12. Memorandum From the Deputy Assistant Secretary of State for Far Eastern Affairs (Jones) to the Deputy Under Secretary of State for Political Affairs (Murphy)0

SUBJECT

  • Tripartite Talks Regarding Indonesia

You will recall that when you were in Paris at the NATO talks in December, you agreed with Mr. Lloyd to the establishment of a small U.S.-U.K. working party on Indonesia which was to discuss U.S.-U.K. cooperation [less than 1 line of source text not declassified] “to consider longer term policy matters” in Indonesia.1

At the organizational meeting, which took place in late December, the British insisted that the Australians be included. So far five meetings have been held, at the last four of which there has been representation from the Pentagon (Mr. Sprague’s office).2

[2 lines of source text not declassified] The meetings revealed that the British objective was to obtain a firm statement regarding United States policy toward Indonesia which they apparently feared was directed at establishing a fragmented Indonesia.

In the course of the first meeting we explained that we envisaged a two-pronged operation in Indonesia: the first designed to attempt to bring about a new government on Java by encouraging the non- and anti-Communist elements there to cooperate with each other in the face of the threat from the PKI; at the same time both to reinforce non- and anti-Communist elements on Java and to assure a fall-back position should Java be lost, [8 lines of source text not declassified].

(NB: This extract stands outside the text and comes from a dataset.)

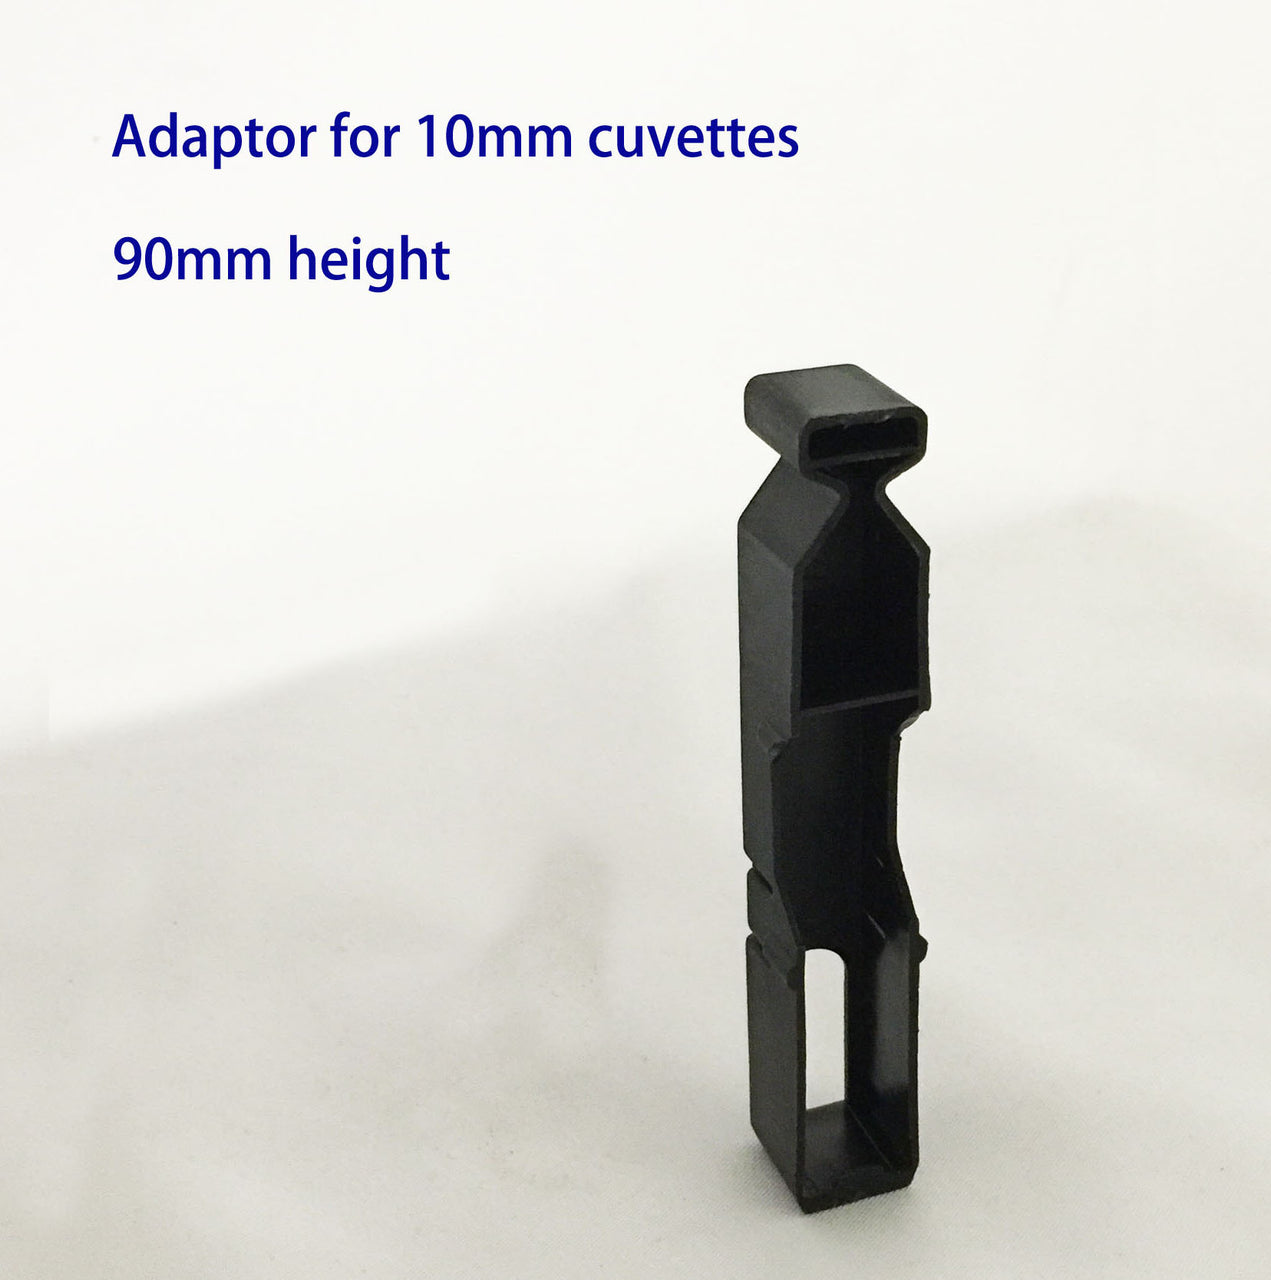 Adaptor for 100mm square cuvettes - 90mm height

The rest of the meetings have been devoted to an examination of the considerations involved in supplying the Indonesian Government with rice and arms; what, if anything, could or should be done about West New Guinea; by whom and under what circumstances should the gap left by the Dutch be filled, particularly with regard to shipping; and finally, what would be the best manner in which to proceed to delay delivery of the four warships the Indonesian Navy now has on order in Italy. The consensus of the group, which reflected the views of London and Canberra, was that the risks involved in trying to prevent the imminent delivery of two frigates was not worth the advantages to be gained, [Page 26] as the frigates will not provide the decisive military advantage to the Central Government. The question of whether to attempt to delay the delivery of the two corvettes (now scheduled for May) is under urgent study.

In addition, agreement has been reached regarding a joint estimate of developments in Indonesia since August 1957. A copy of this is attached. (Tab A)3 A subcommittee is also working on a joint contingency paper which will contain recommended courses of action regarding the diplomatic and legal attitude to be assumed toward the dissidents.

The Australians have had little to contribute and on instructions from their Government have spent most of their time raising questions and seeking information. [2-1/2 lines of source text not declassified]

Further meetings will be held, but I think it best to keep these on an ad hoc basis to face specific problems as they may arise, a position which at this point would appear to satisfy the British but may not be too palatable to the Australians. Should we try to terminate the working group, However, it is not impossible that the Australian reaction will be to send Mr. Casey to this country or even to call a special ANZUS meeting. Neither of these developments at this juncture would seem to me to be helpful.

  1. Source: Department of State, Central Files, 756D.00/2–658. Top Secret. Drafted by O’Sullivan on February 5.
  2. Dulles was in Paris for the NATO Heads of Government meeting, held December 16–19, 1957; see Foreign Relations, 1955–1957, vol. XXII, pp. 552553.
  3. No other record of these meetings has been found in Department of State files.
  4. Not attached to the source text and not found.